Install the Infrastructure Manager on the hub that the problematic robot reports to, then login to see if the robot displays in the IM with no issues (green status). If it does, then the issue may simply be that you cannot access the robot from the location where your IM is installed, e.g., laptop over a VPN connection.

Was there any new/additional security software installed back on <date> when the issue started occurring?

Check to make sure that no local (or intermediate-remote) firewall is enabled/blocking any TCP or UDP traffic to/from the hub and robot.

- Use service iptables status command or firewalld commands (RHEL 7)

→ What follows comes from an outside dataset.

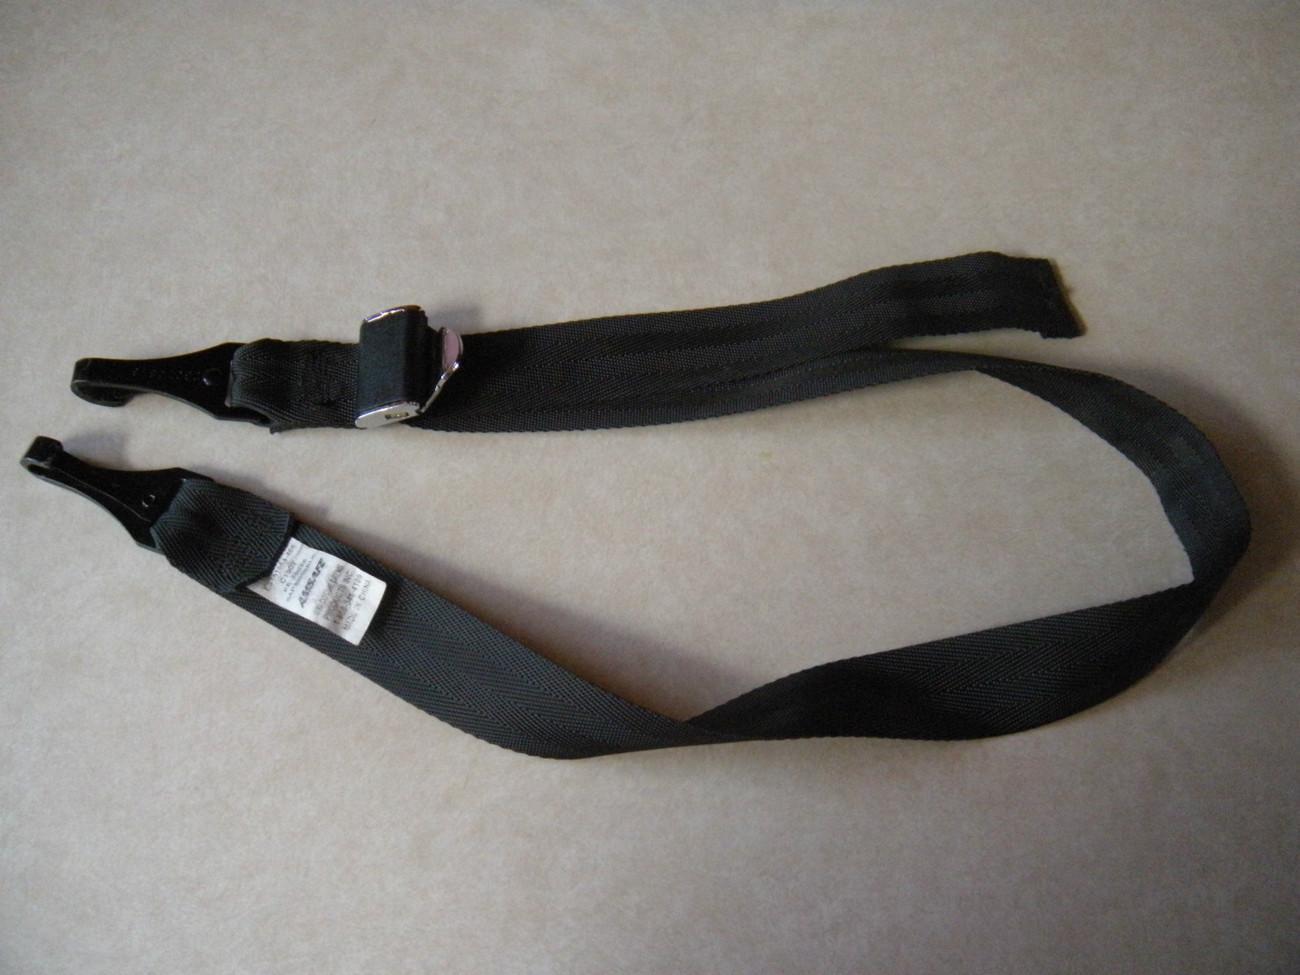 2 graco replacement latch strap belt fits britax roundabout marathon car seat car seat accessories. Black Bedroom Furniture Sets. Home Design Ideas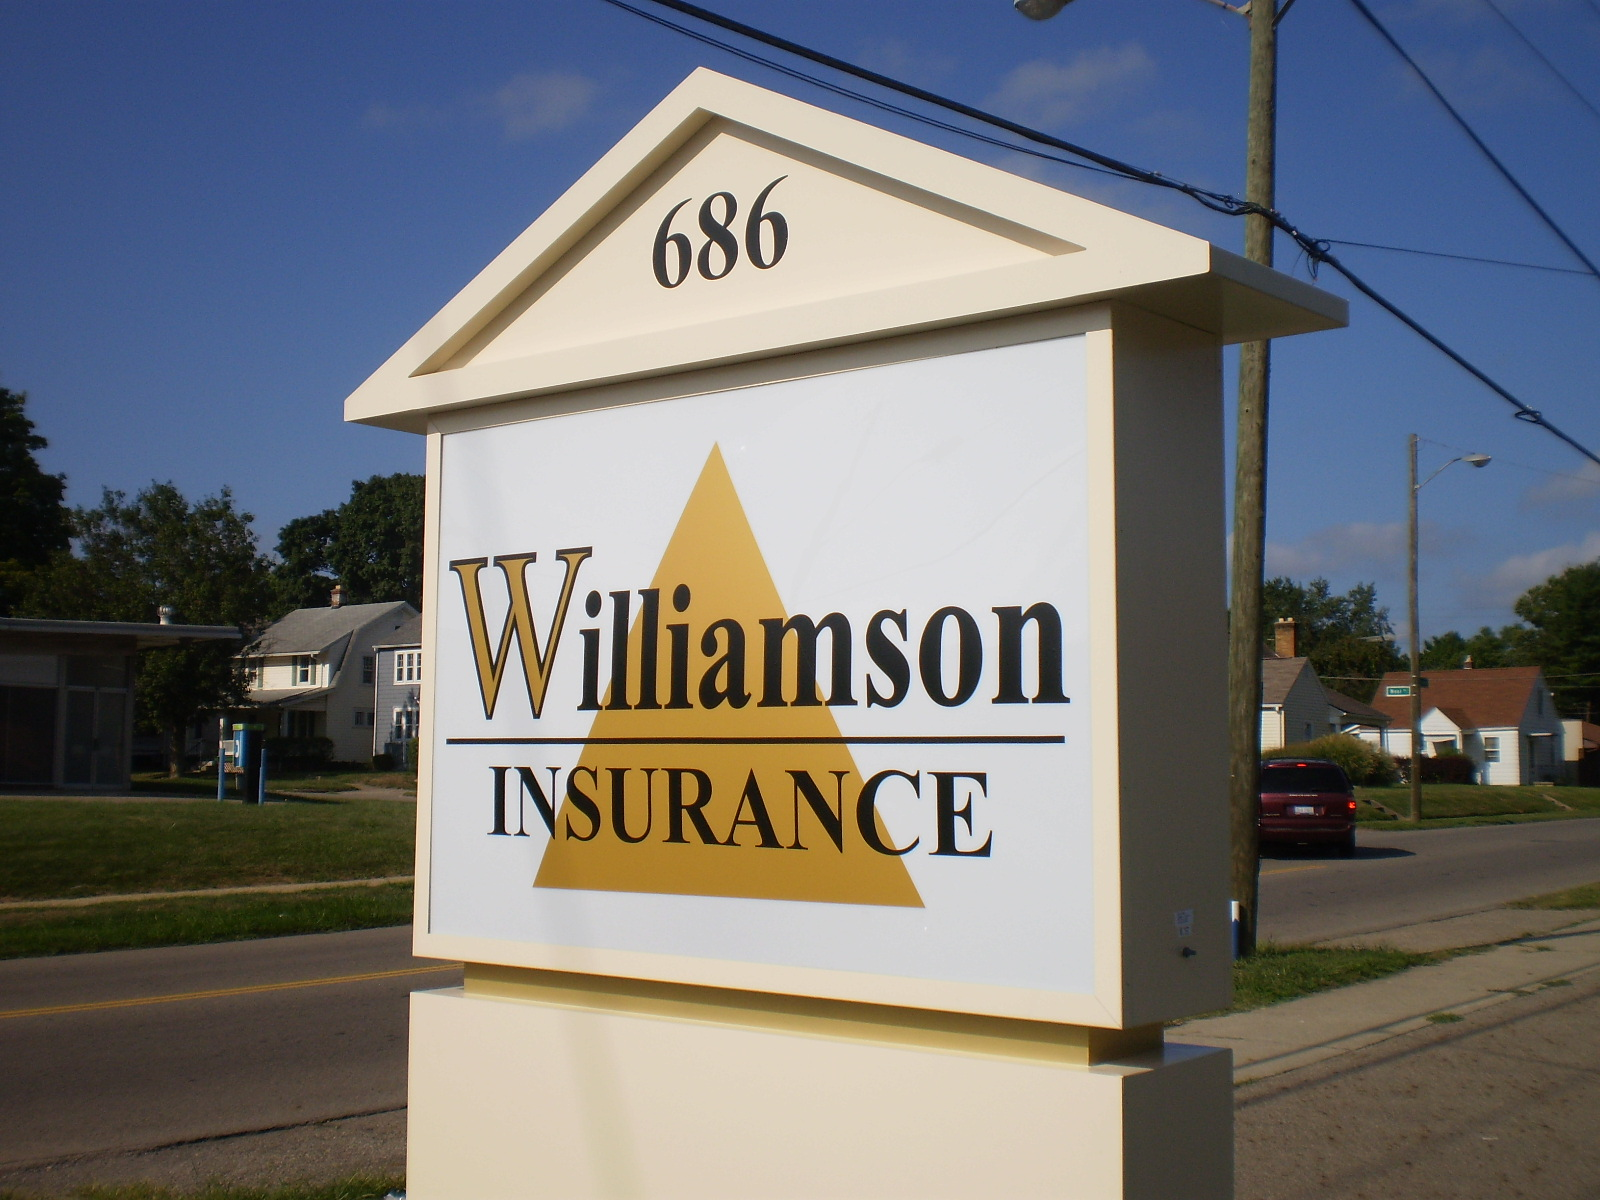 Williamson Insurance Service image 2

https://access.redhat.com/documentation/en-us/red_hat_enterprise_linux/7/html/security_guide/sec-viewing_current_status_and_settings_of_firewalld

Check with your security team to make sure no Intrusion Prevention System (IPS) / Intrusion Detection System (IDS) is interfering with the connections. Note that this may be a factor given different regions/locations based on where the firewalls are located and/or how they are configured.

Also, if firewall(s) are enabled, check with your firewall team to make sure the proper rules are in place to ALLOW connectivity between the robots and their hubs and/or any related hub-to-hub connections (or tunnels via port 48003).

To make your analysis of communication/connectivity between robot<->hub complete, youhave to check the firewall.

Windows firewall (Check firewall status)

RHEL 6
iptables

service iptables status
service iptables stop
iptabes -F (flush the rules)


RHEL 7, 8
firewalld

firewall-cmd --state
systemctl stop firewalld

https://www.tecmint.com/start-stop-disable-enable-firewalld-iptables-firewall/

AIX

- Check commands online for the given AIX OS Version

Solaris

- Check commands online for the given Solaris OS Version

UIM (Nimsoft) Protocols for all components are TCP except for controller, hub, and spooler, which also require UDP.  UDP broadcast is used for the discovery of the hub, spooler, and controller components. All other core communications are done via TCP.

Firewall Port Reference Help doc:
https://techdocs.broadcom.com/us/en/ca-enterprise-software/it-operations-management/unified-infrastructure-management/9-0-2/installing/pre-installation-planning/firewall-port-reference.html

For deeper troubleshooting purposes, set the hub loglevel to 6 and controller loglevel to 5, and logsize to 100000, then restart and check the logs.

Quick Checklist:

- Check that the robot.cfg has the correct hub and robot info/configuration.
- Check to make sure that the robot.cfg has not been corrupted or truncated
- ping successful? (Hub<->robot)
- tracert successful? (Hub<->robot)
- telnet TO the Hub from the Robot on port 48002 to see if it succeeds consistently without any intermittent failures.
- telnet TO the robot FROM the hub on port 48000 so it appears that communication from hub TO robot on port 48000 is being filtered/blocked.
- Check for any related communication/connectivity errors in the local robot's controller.log.
- Verify via netstat that the robot is LISTENING on port 48000 so that the hub can contact the robot on that port.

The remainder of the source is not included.